How would you prove this relation? Explain, please. :-)
On
Simple explanation for pairwise satisfying the assembly of straight lines and conic generation from lines .
We know that
$$ \lambda' L_2 + \mu' L_3 = 0$$
represents a straight line passing through the intersection point of $L_2,L_3.$
Divide given relation by $L_1L_2L_3$
$$\gamma/ L_3 + \lambda/ L_1 + \mu /L_2 = 0$$
Extending the same logic for a pair we have a single curve passing through all three intersection points with another combination parameter set.
Setting one parameter zero three pair-wise solutions for three sets of straight lines gives three points for the vertices of a triangle.
Given second degree equation is a conic which must satisfy/pass through these three points. That is the triangle is inscribable or escribable in the conic... in a sense as being concurrent.

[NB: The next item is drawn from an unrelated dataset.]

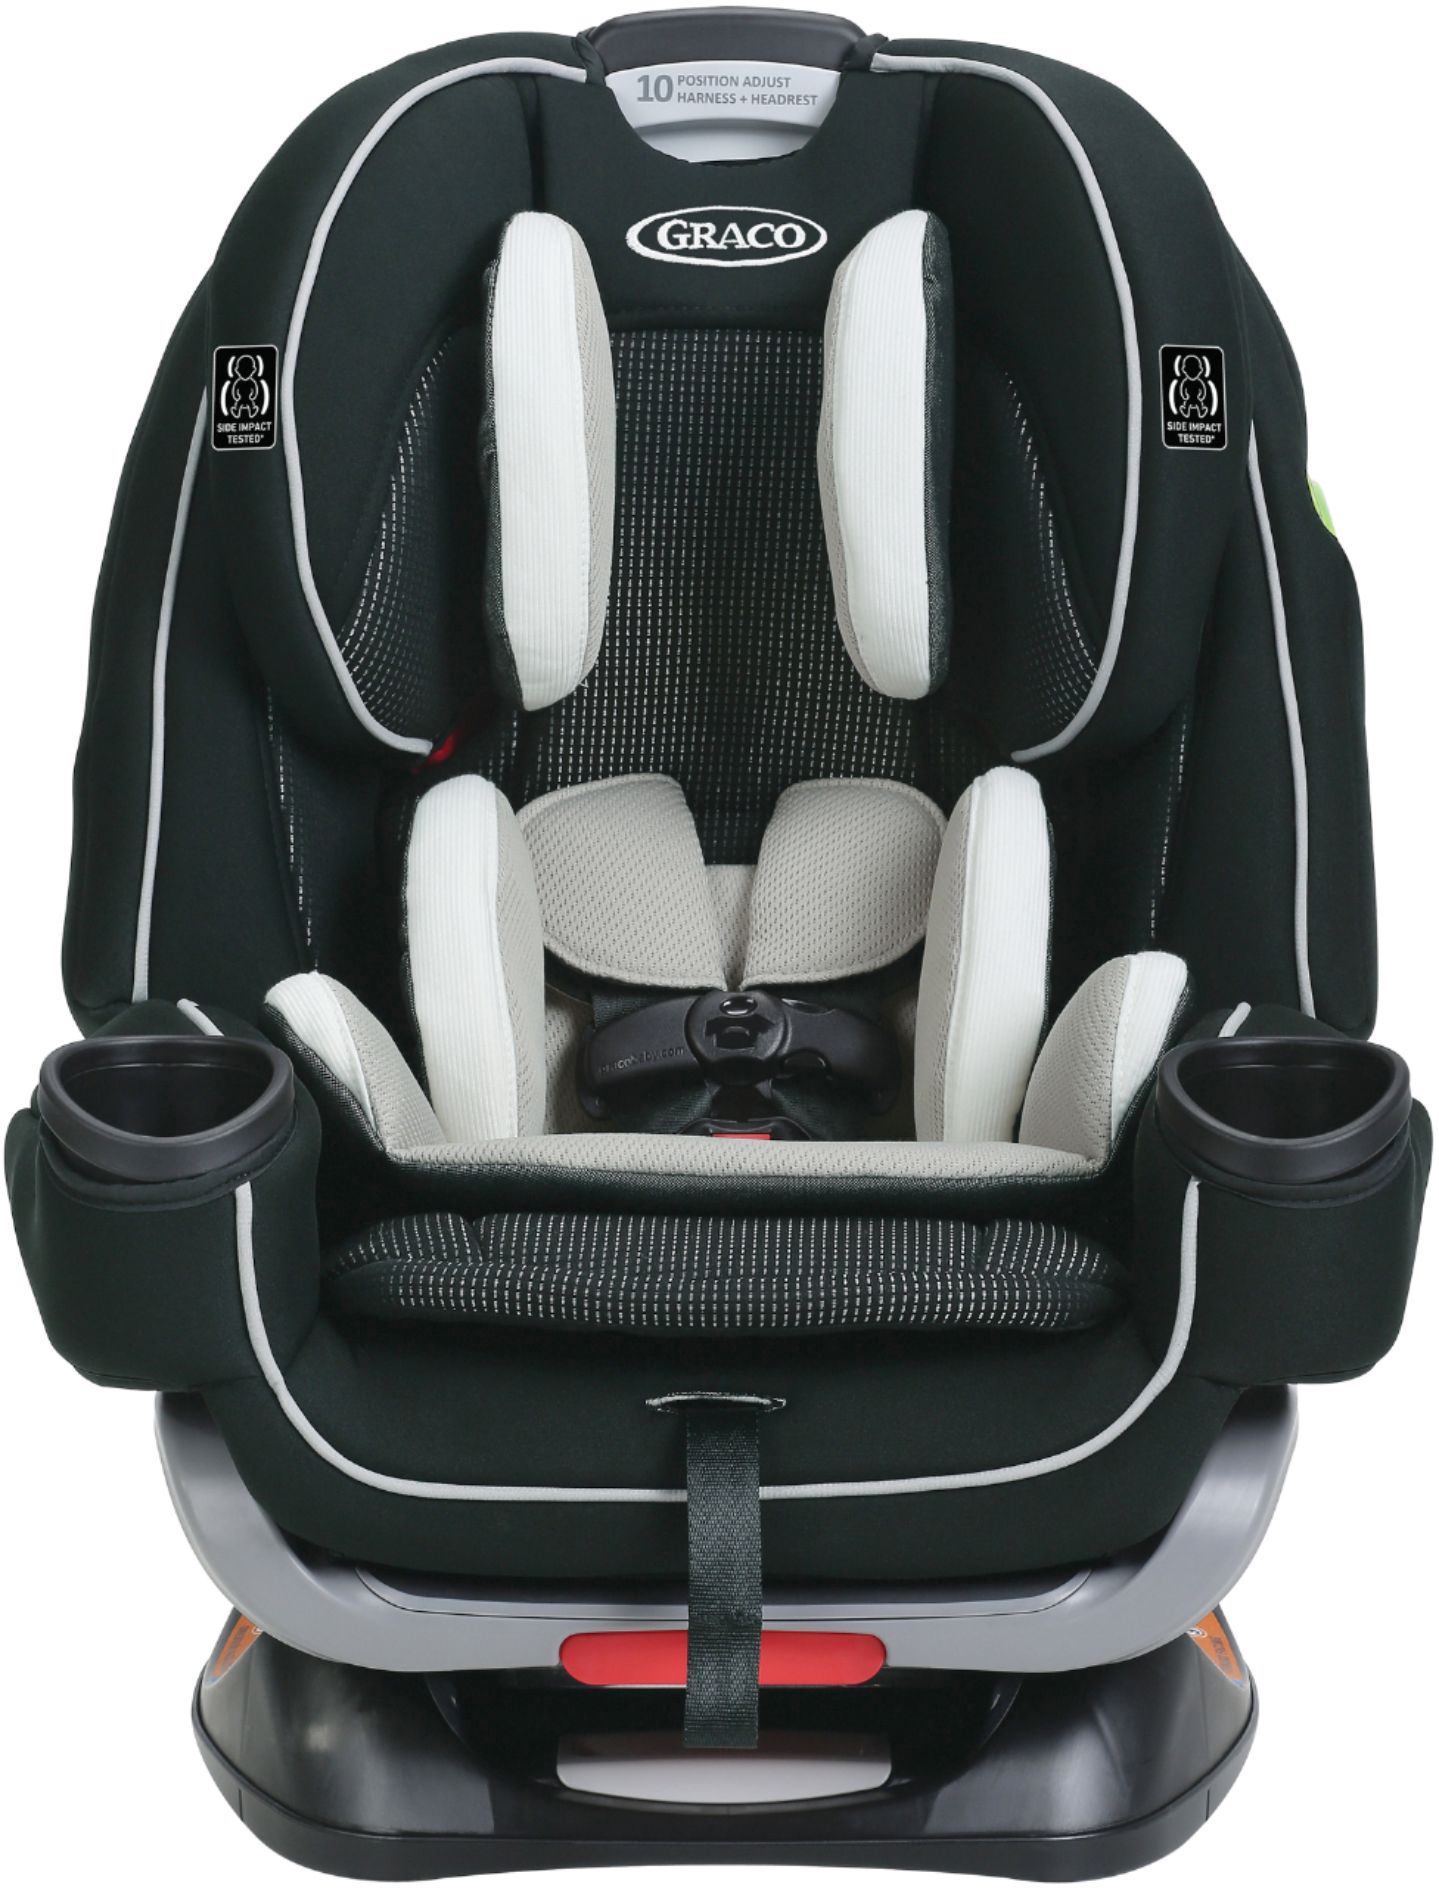 Graco 4Ever Extend2Fit 4-in-1 Car Seat Clove 2001871 - Best Buy
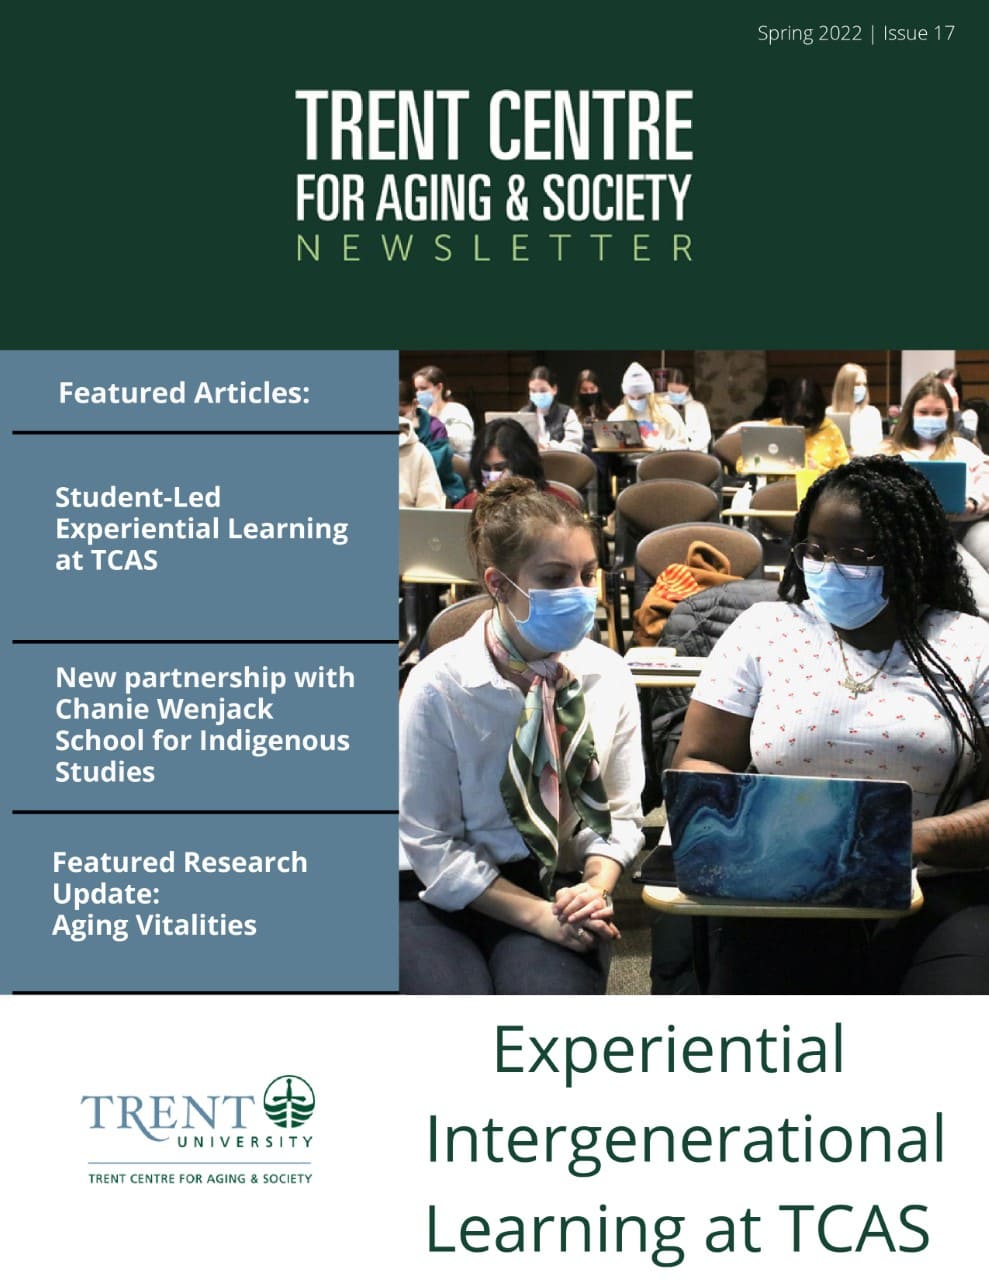 Trent Centre for aging & society - Experiential International Learning at TCAS

Conics can be expressed in terms of trilinear coordinates, which express points in terms of relative directed distances from three lines (which can be thought of as the sidelines of a triangle. In these terms it is much easier to reason about the relations between a family of conics and a given triangle. Variations of the formula given in the OP will, for example, give expressions for the conics that are tangential to a given triangle, or have that triangle as a self polar triangle.
A good reference for this was published over 150 years ago: Whitworth's Trilinear Coordinates. The URL points to Chapter XV, which discusses the case in the OP. Using the key $\alpha\rightarrow L_1, \beta\rightarrow L_2, \gamma\rightarrow L_3, l\rightarrow \lambda, m\rightarrow \mu, n\rightarrow \gamma,$ the equation $l\beta\gamma+m\gamma\alpha+n\alpha\beta=0$ translates directly into the OP equation.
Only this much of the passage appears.